The Court of Appeal dismissed HMRC’s appeal. Construing the relevant legislative provisions in their historic context, Lord Justice Rimer (with whom Lord Justice McCombe and Lord Justice Briggs agreed) found that far from ss44 and 45 limiting the application of the exemption in the way contended for by HMRC, s45 pointed away from such a limitation. As to HMRC’s argument that there was not, due to the lack of a formal written arrangement, the necessary degree of permanence, the Court of Appeal found that in this context the concept of permanence merely distinguished plant from a trader’s stock in trade and that there was no prescription regarding the type of tenure to which the trader must be entitled in order for plant to qualify as such.

Can we expect any statutory changes?

In the days leading up to the Budget, there was speculation as to whether HMRC might seek changes to s44 in order to bring the legislation in line with their view.  It did not and, on reflection, that is not surprising.  First, the circumstances in which such a route could be used are limited – due to s45(2) of the 1992 Act, the asset must not have been used solely for the purposes of a trade, profession or vocation carried on by the person making the disposal, and that person must not have claimed or could have claimed any capital allowance in respect of expenditure attributable to the asset.  In Lord Howard’s case, no capital allowance could have been claimed on the painting as it was not used for the purposes of a business.  Secondly, as the Court of Appeal itself noted, HMRC did not seek to argue, as it could have done, that at the moment of sale the painting was not plant at all as it had stopped being used for the purposes of the trade. Faced with the same situation again, it would be surprising if HMRC did not seek to utilise the objection identified by Lord Justice Rimer, and if such an argument found favour with the Court, a change to the legislation would be rendered unnecessary. Third, Lord Justice Rimer drew attention to the fact that this case of the sale of a master painting was, like the case of the vintage car, an ‘oddball exception’ and it was essential to address interpretation of a statutory provision in accordance with the purpose for which the provision being construed was introduced, rather than with reference to such exceptions.

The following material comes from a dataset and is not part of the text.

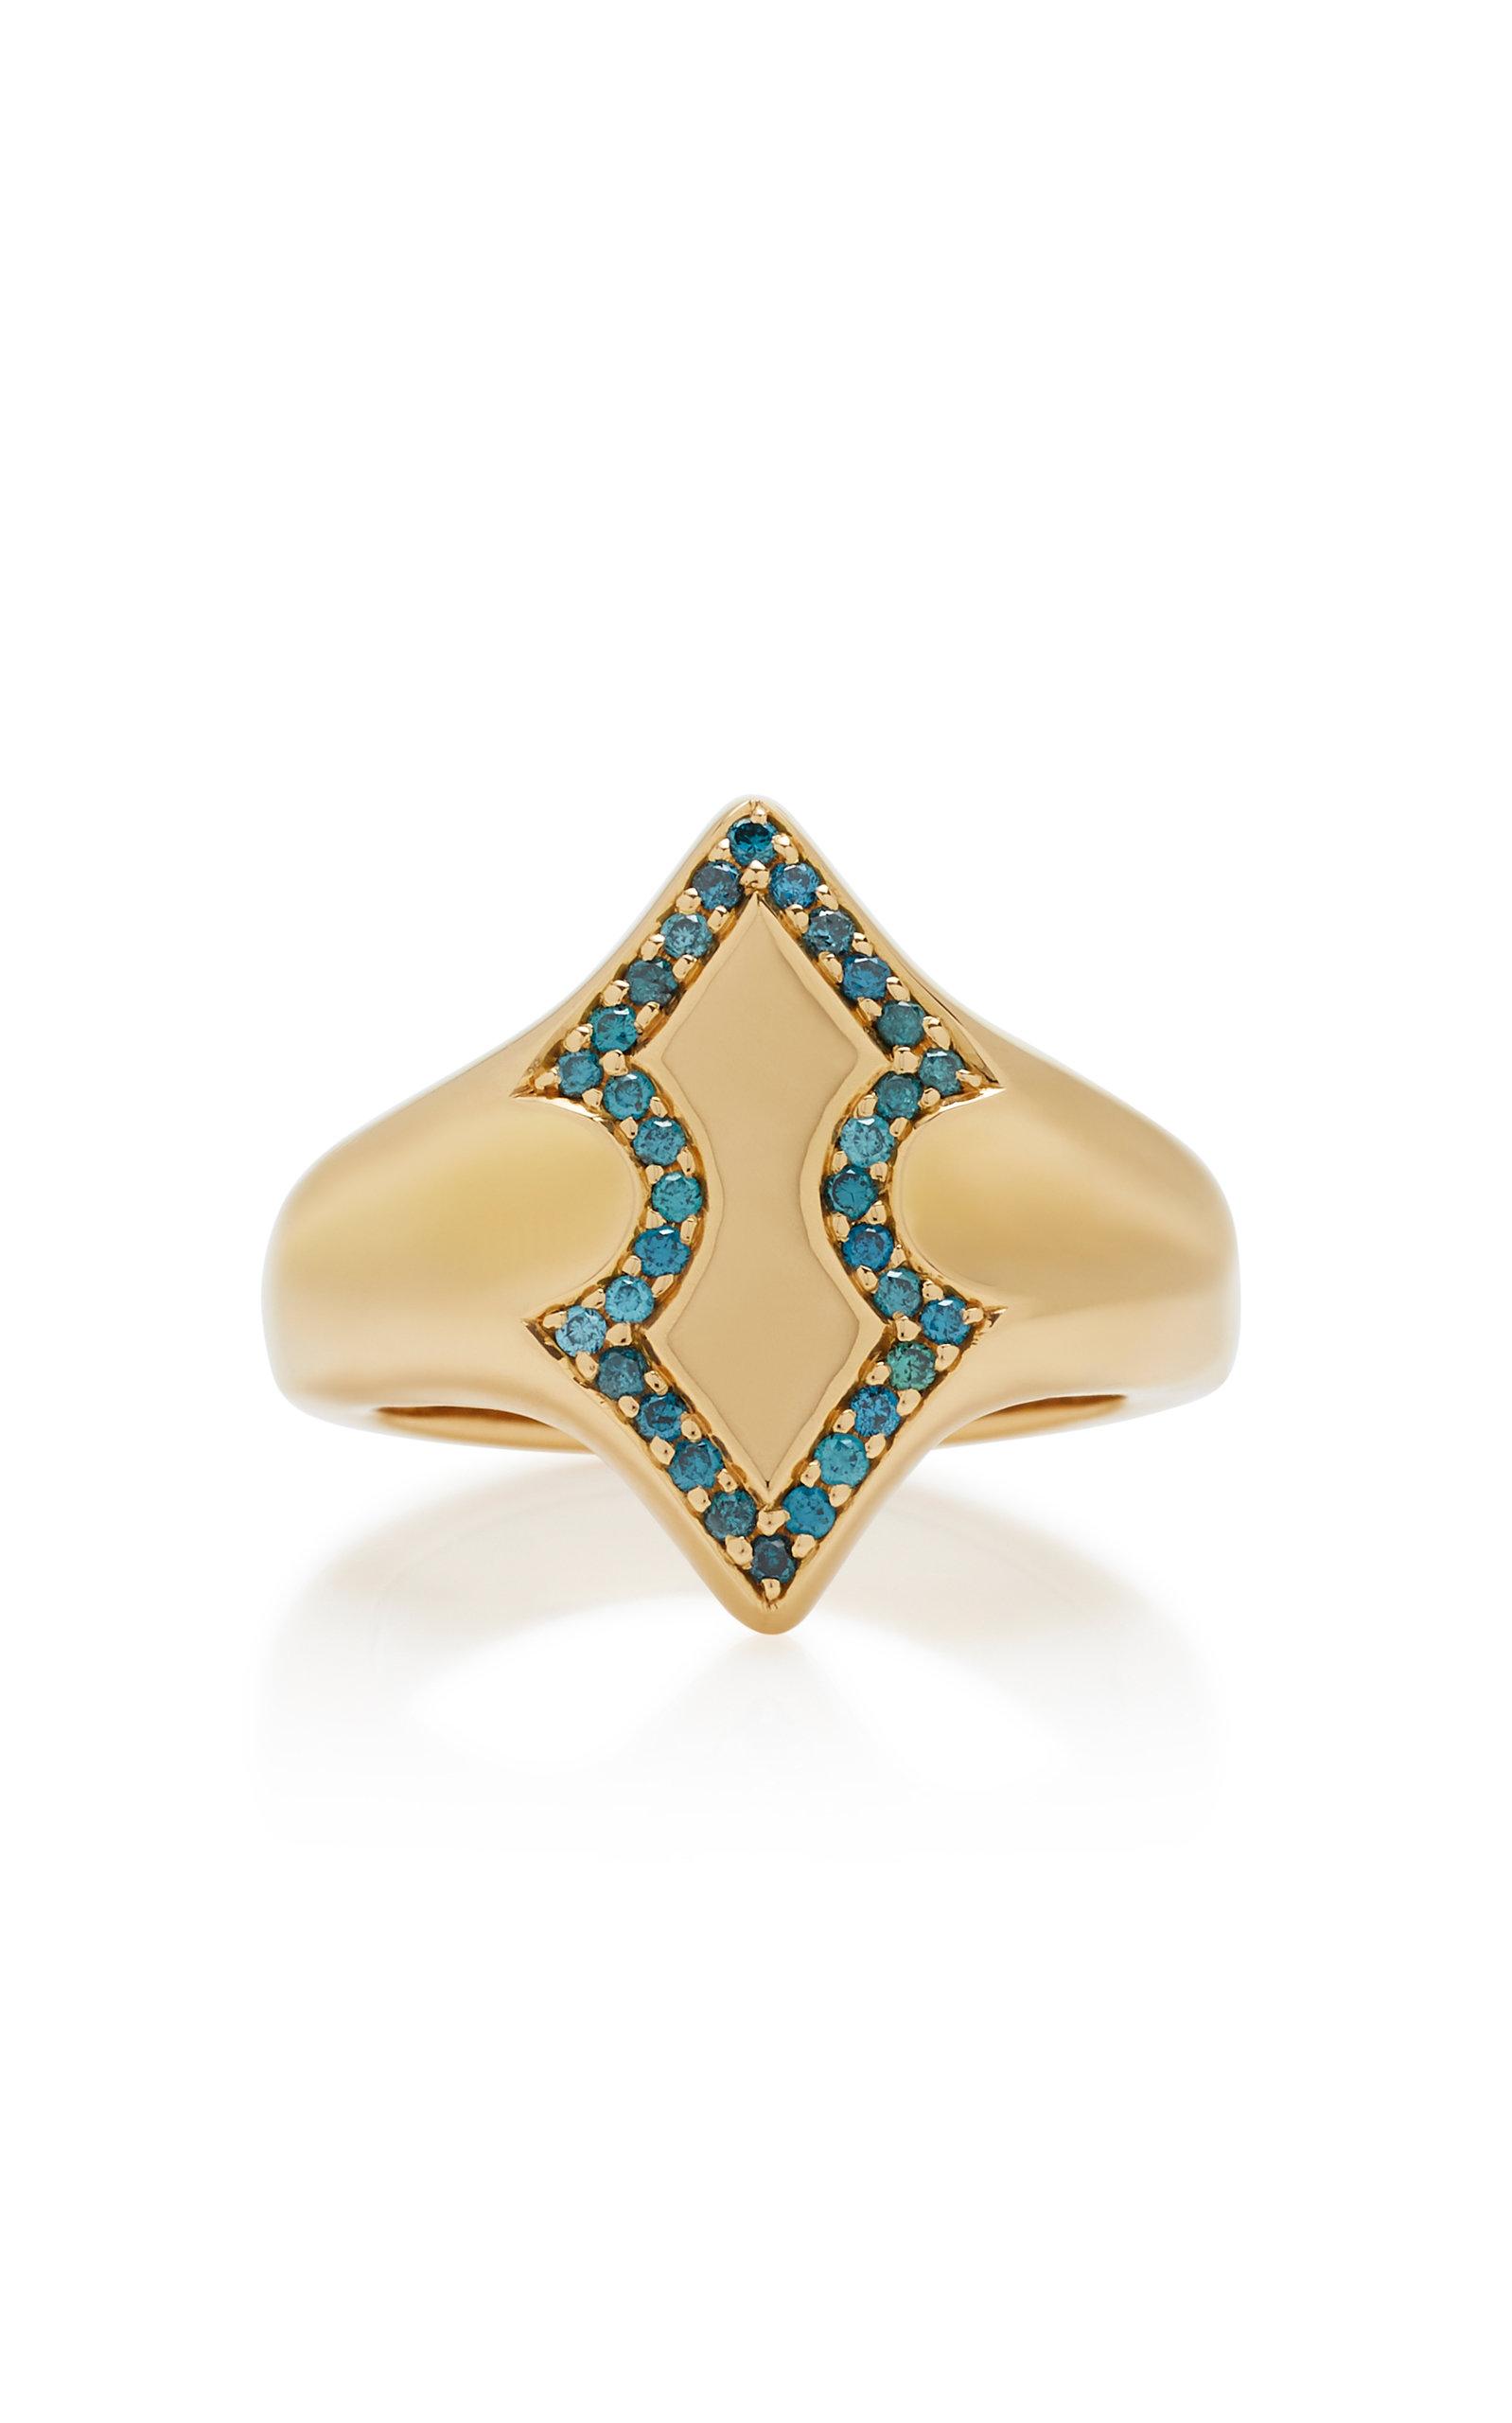 ILANA ARIEL Adina 18K Gold Diamond Signet Ring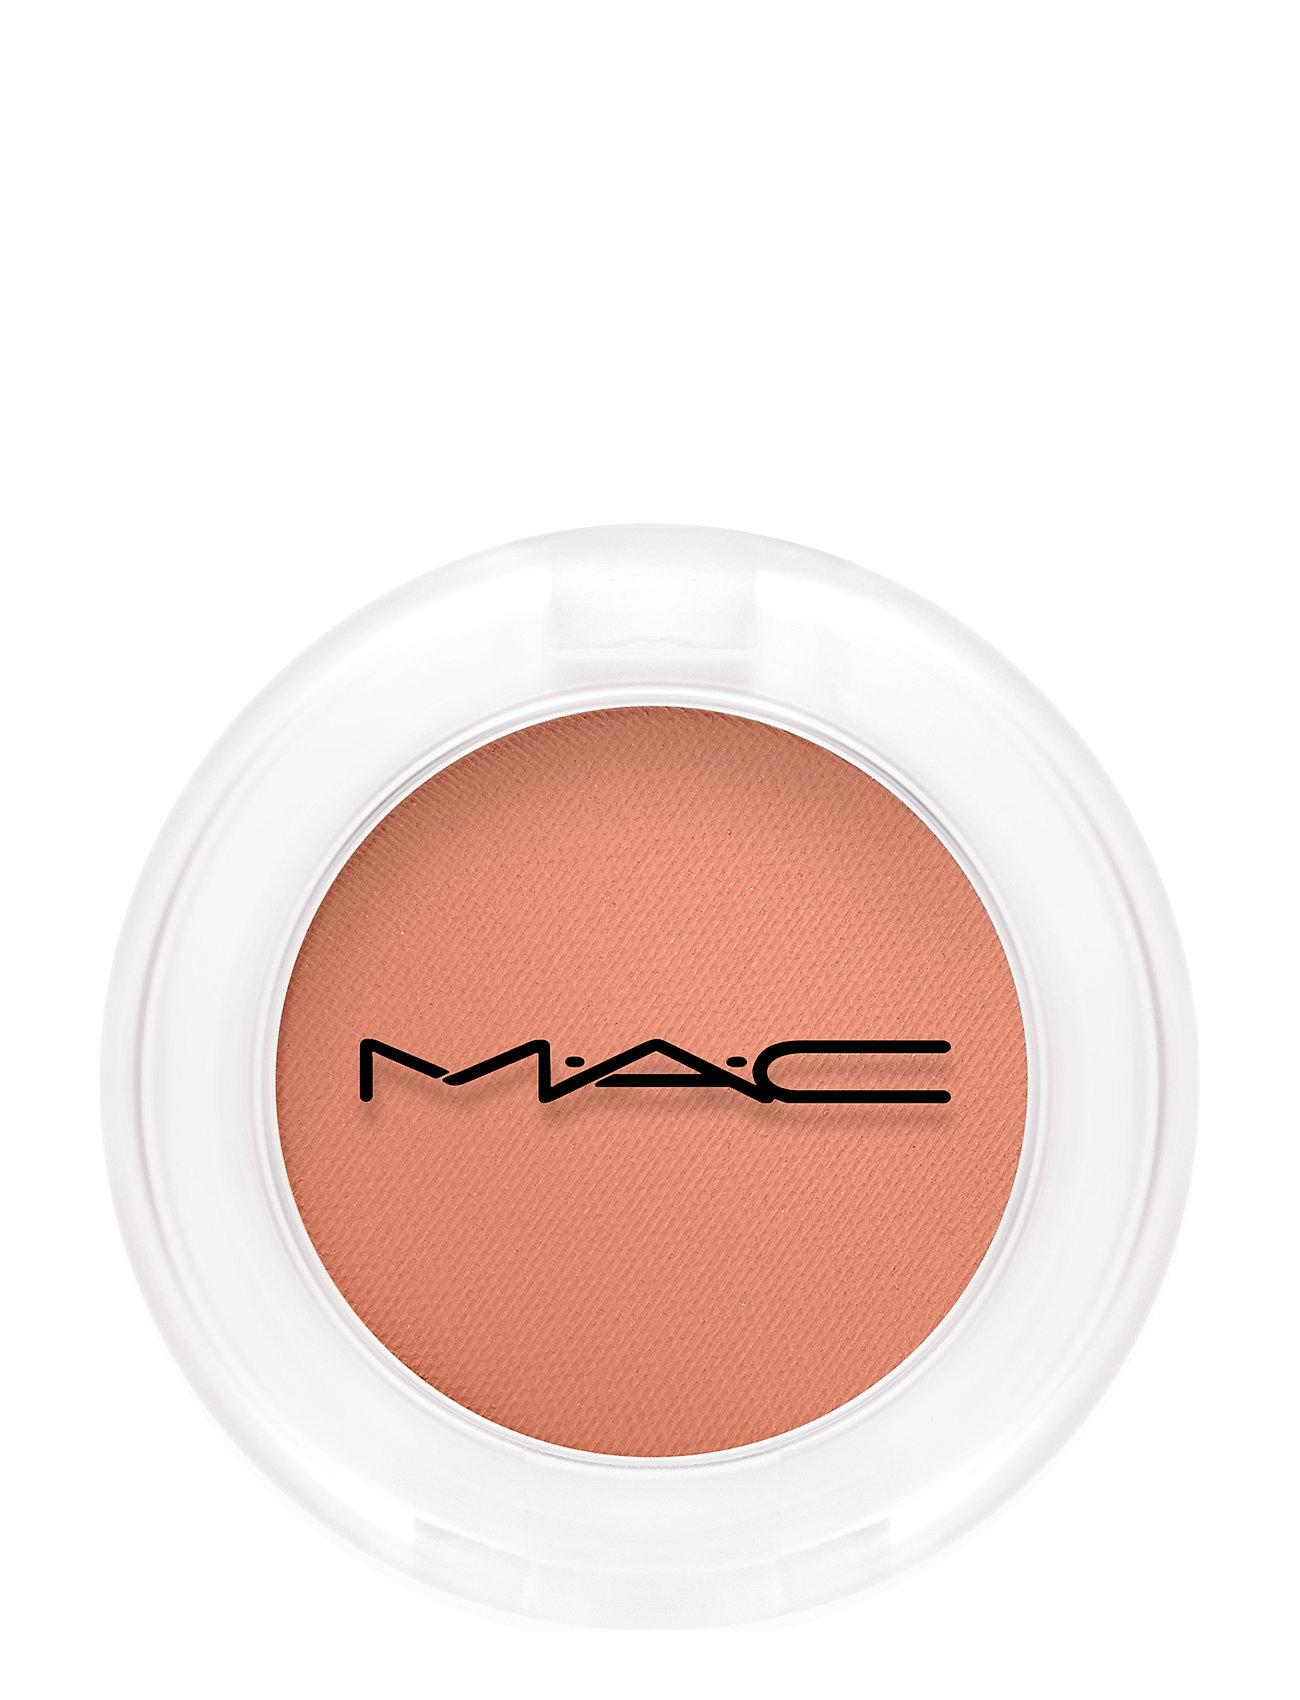 Image of Eye Shadow Beauty WOMEN Makeup Eyes Eyeshadow - Not Palettes Beige M.A.C. (3349215073)

In conclusion therefore, the case is interesting and should be borne in mind by those operating in a similar factual matrix as the executors of Lord Howard in case an exemption from capital gains tax or an estate planning opportunity can be identified; it seems though unlikely to set a new precedent of more general application. Moreover, although there has been no immediate move by HMRC to amend the 1992 Act in light of this case, given the complexity of the capital allowances and the capital gains tax regimes in their interaction in relation to plant, it is not unlikely that HMRC will at some point in the future review the issue on a more holistic basis.